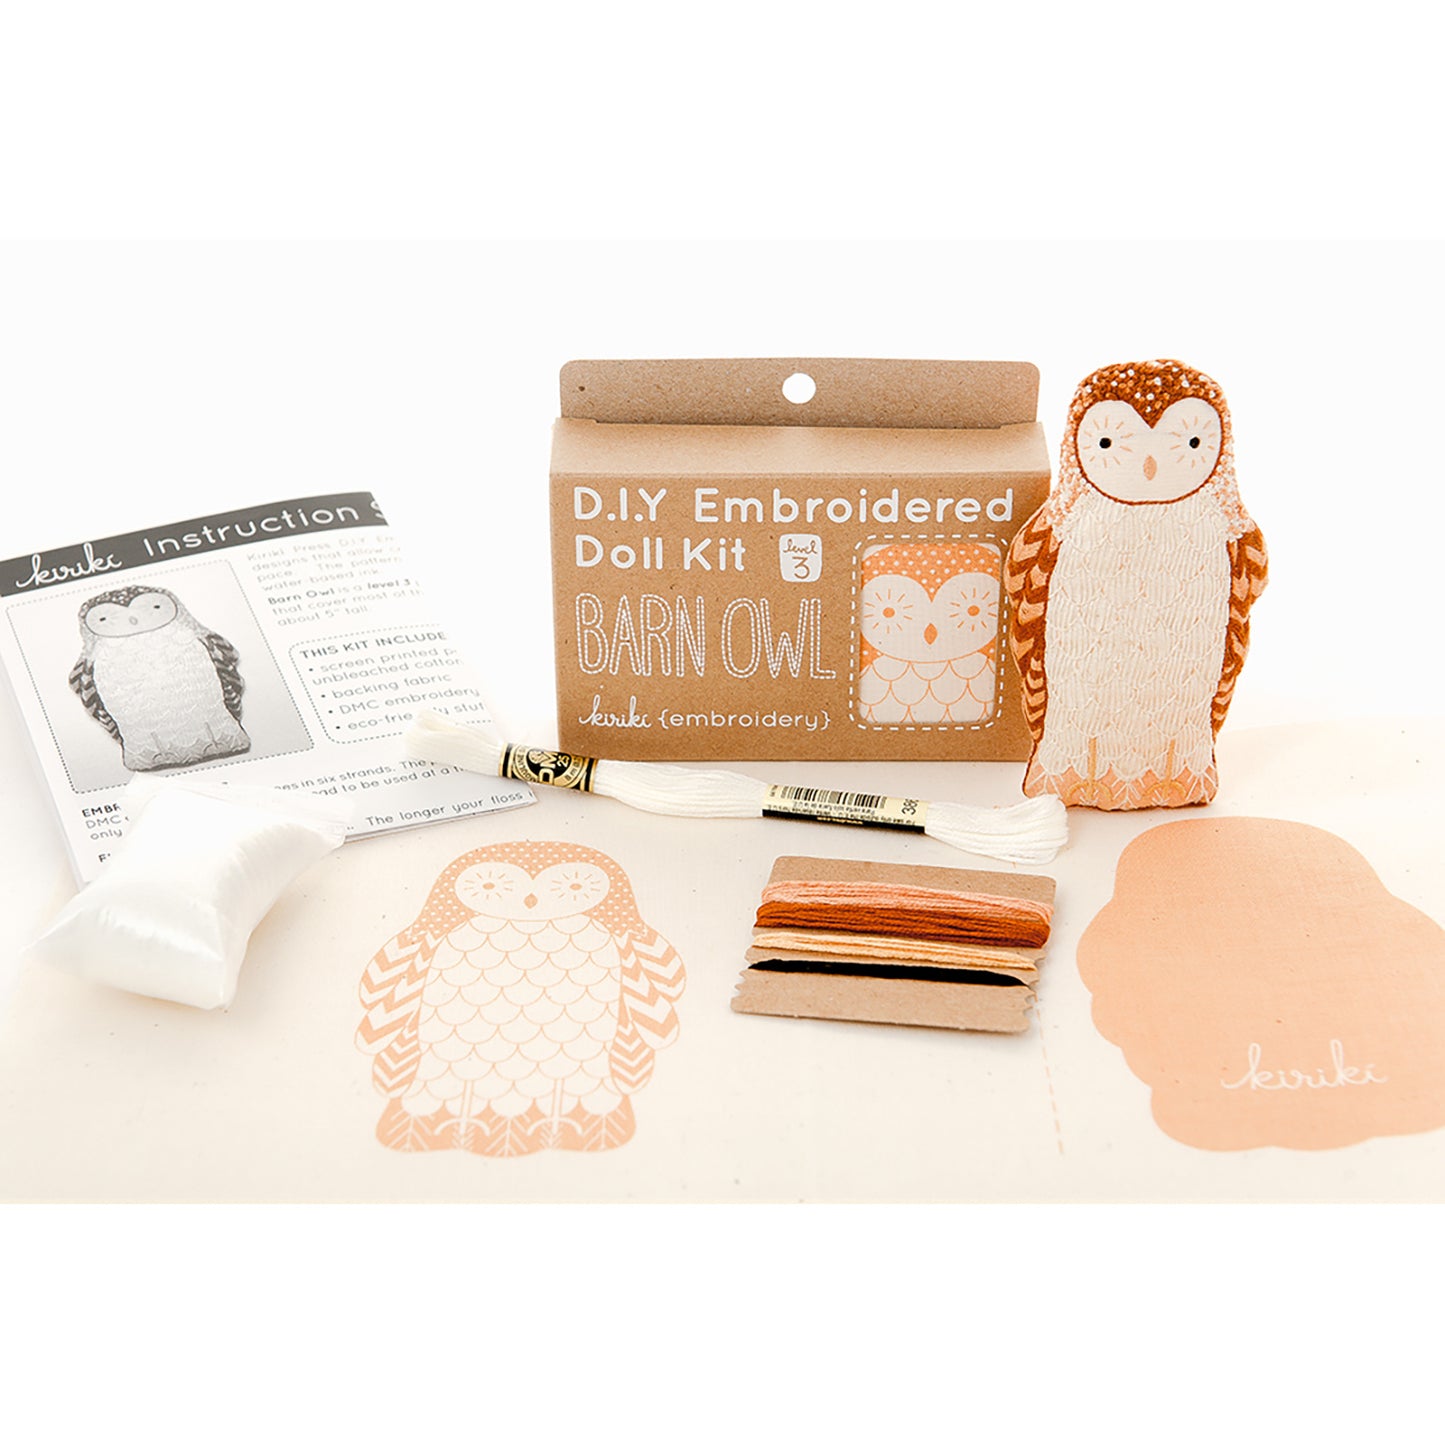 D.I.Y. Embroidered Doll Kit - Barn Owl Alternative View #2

----

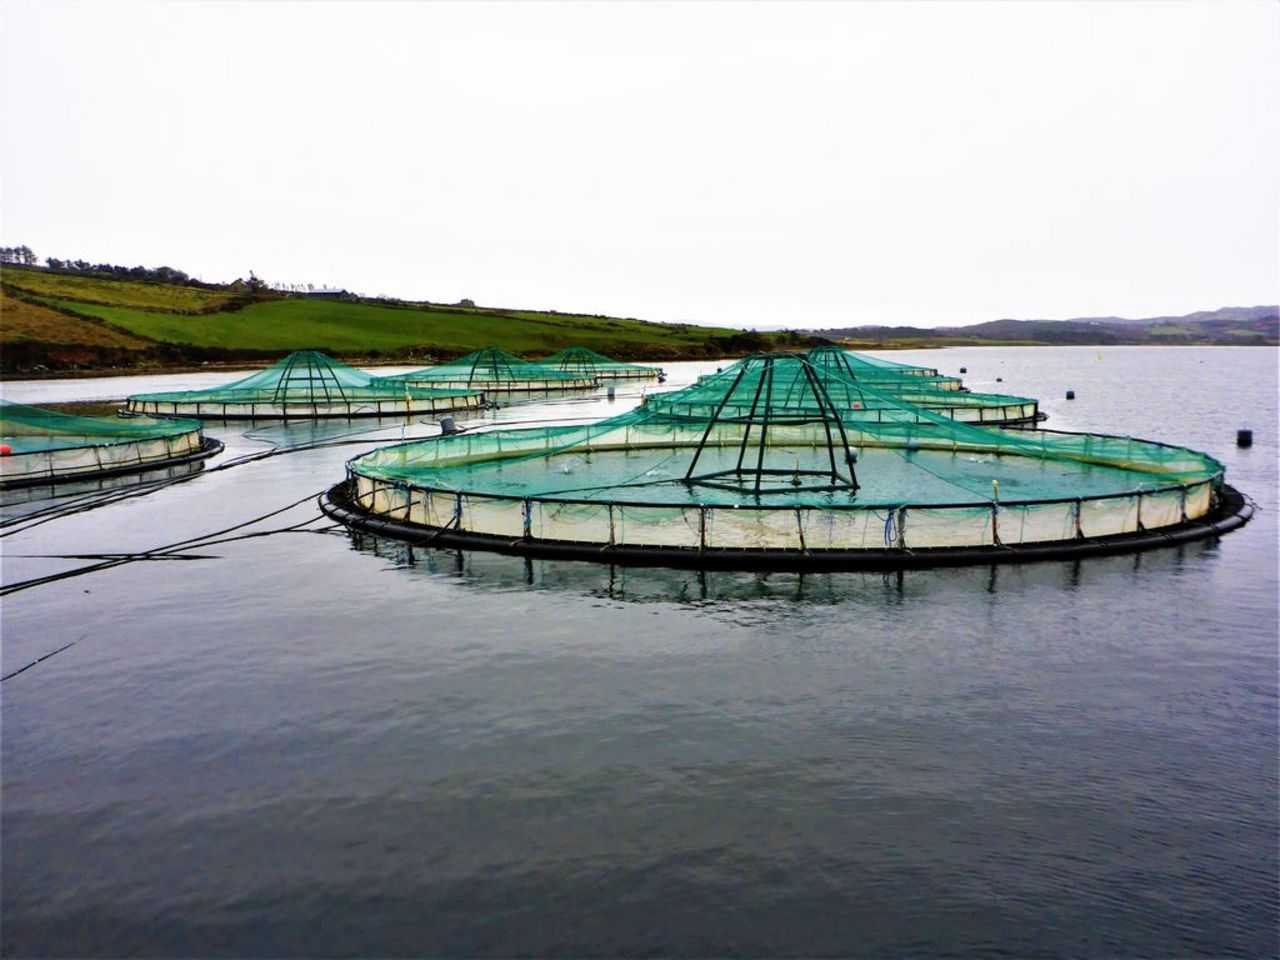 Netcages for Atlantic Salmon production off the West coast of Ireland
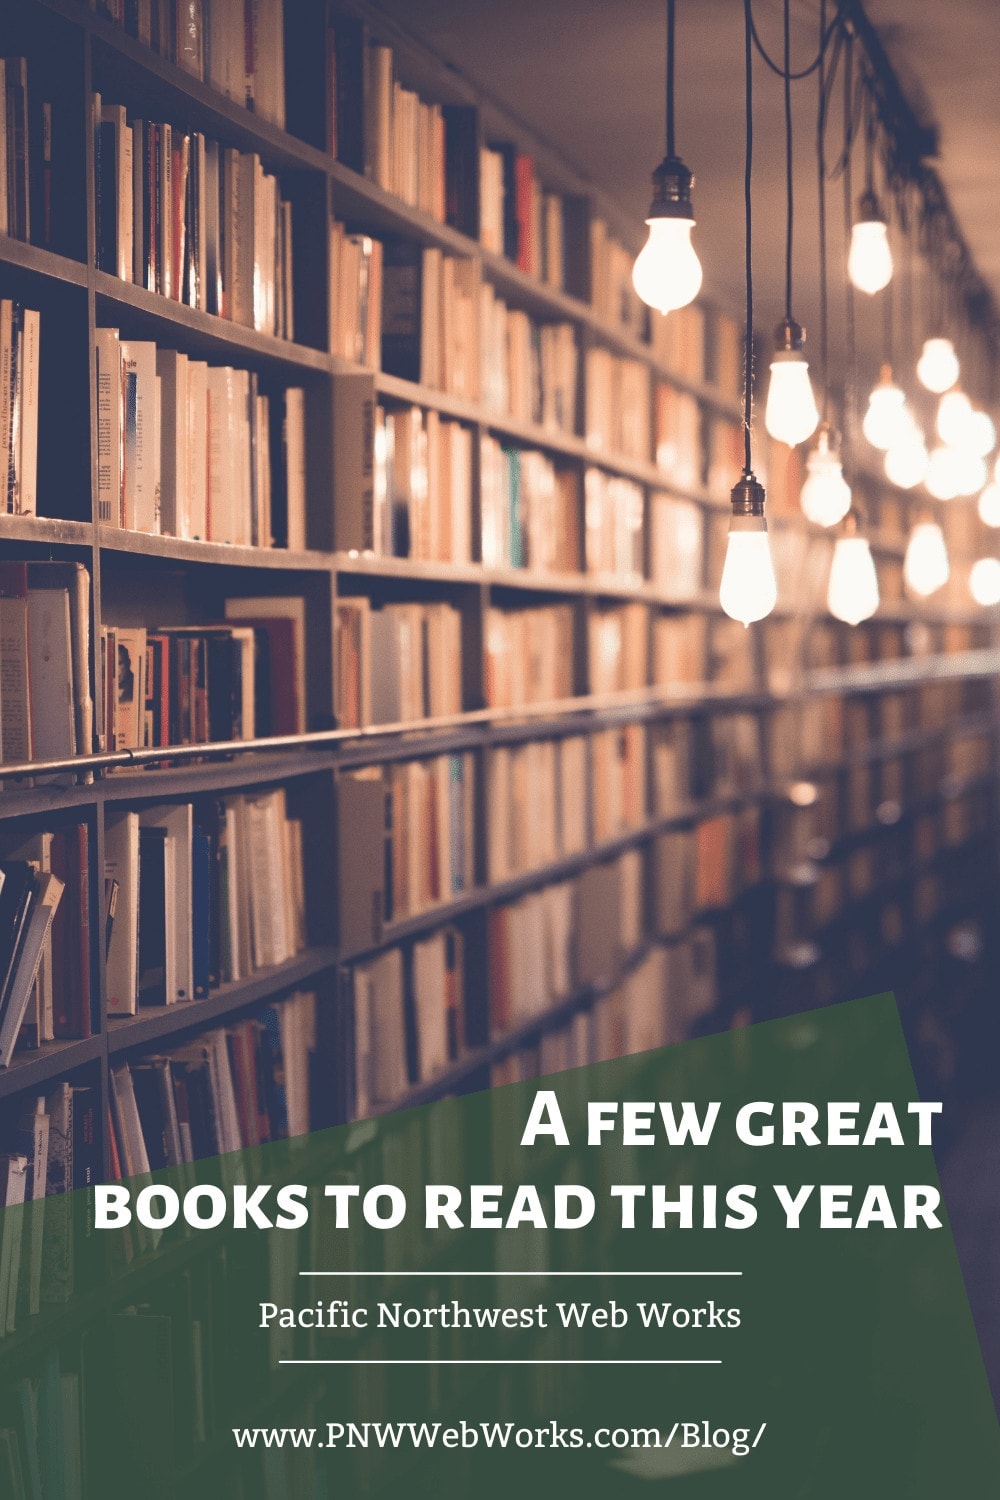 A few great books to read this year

----

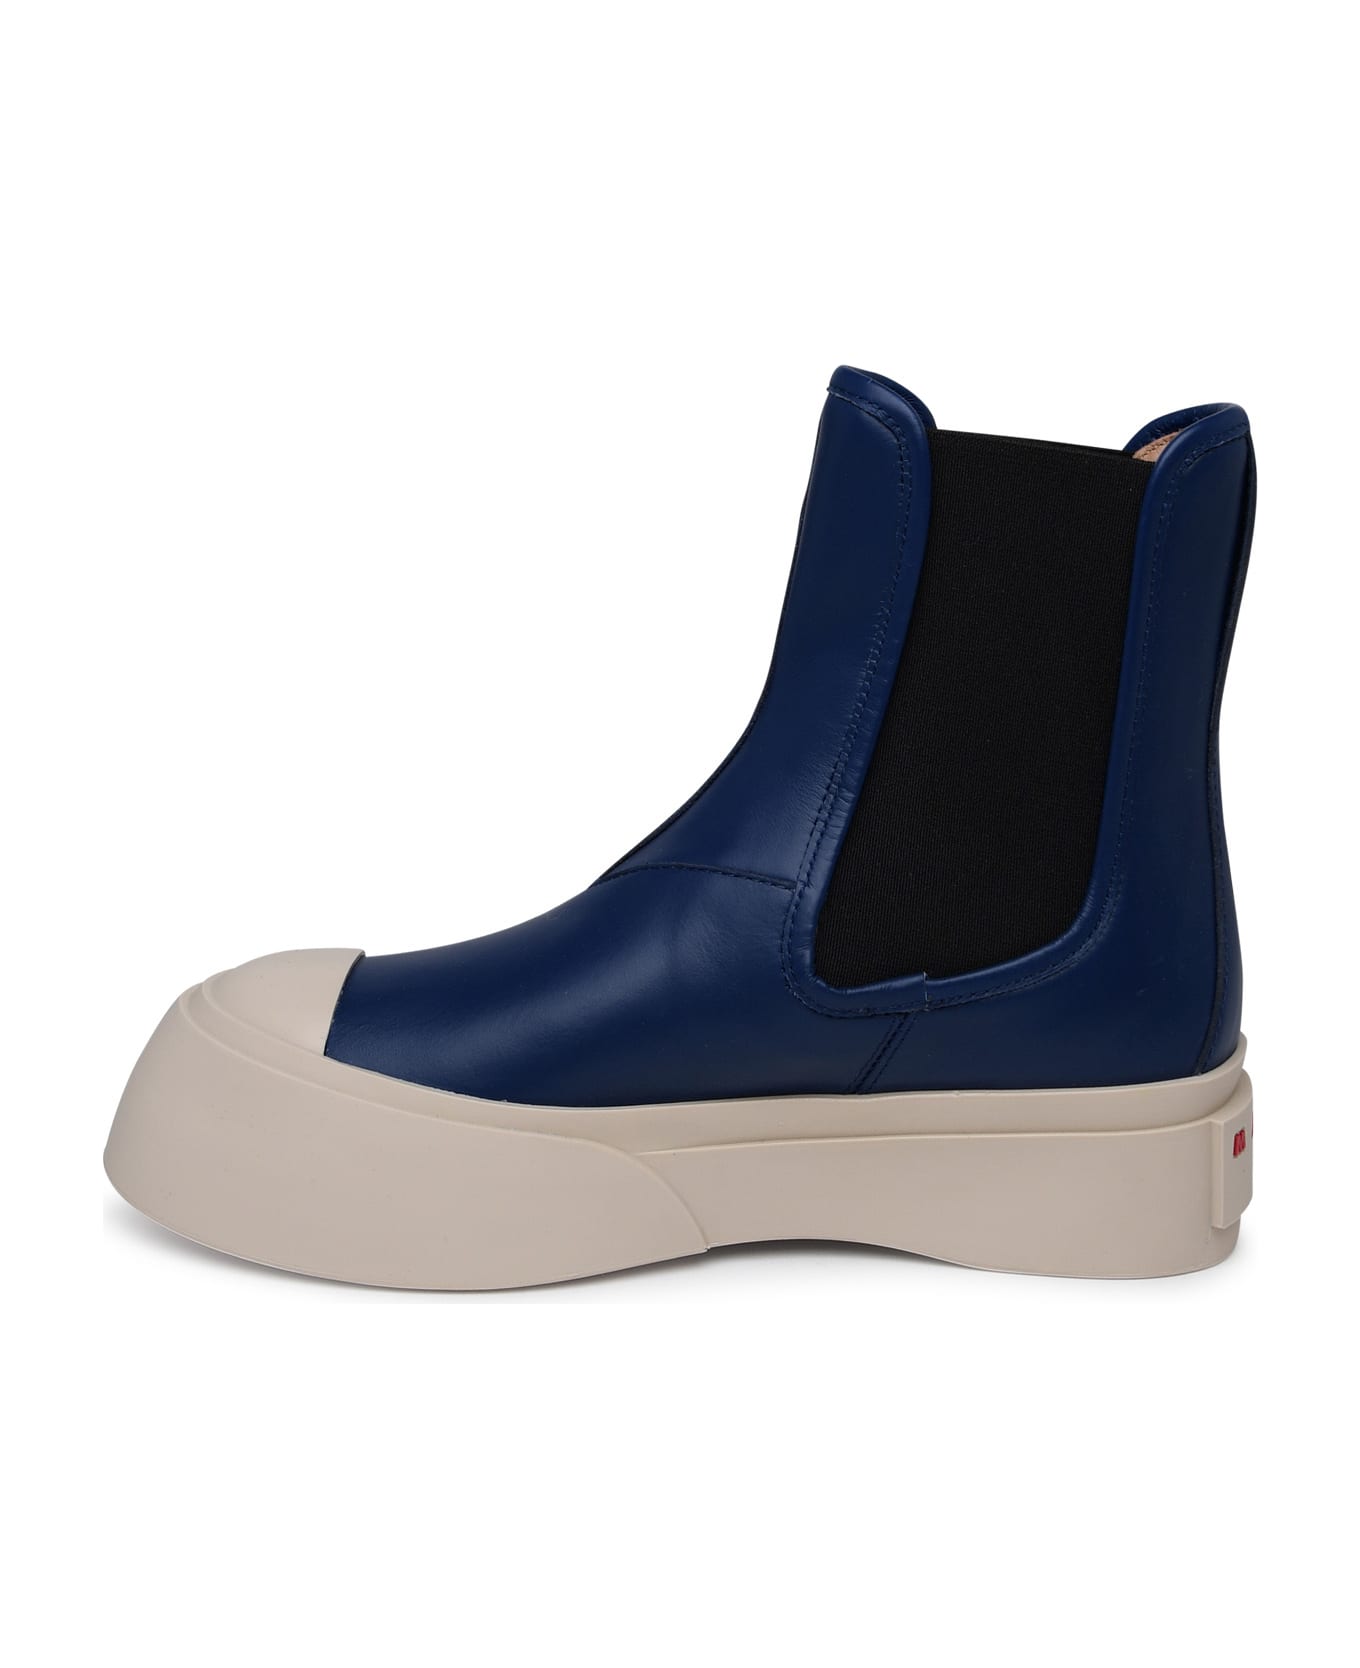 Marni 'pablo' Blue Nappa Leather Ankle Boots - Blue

----

**EXERCISE DETAILS:** After locating the line containing "Netcages for Atlantic" in the entries above, return it and every line after it exactly, ending at the line containing "A few great books to read this year", without pictures.

**COMPLETED TASK:**
 Netcages for Atlantic Salmon production off the West coast of Ireland
 A few great books to read this year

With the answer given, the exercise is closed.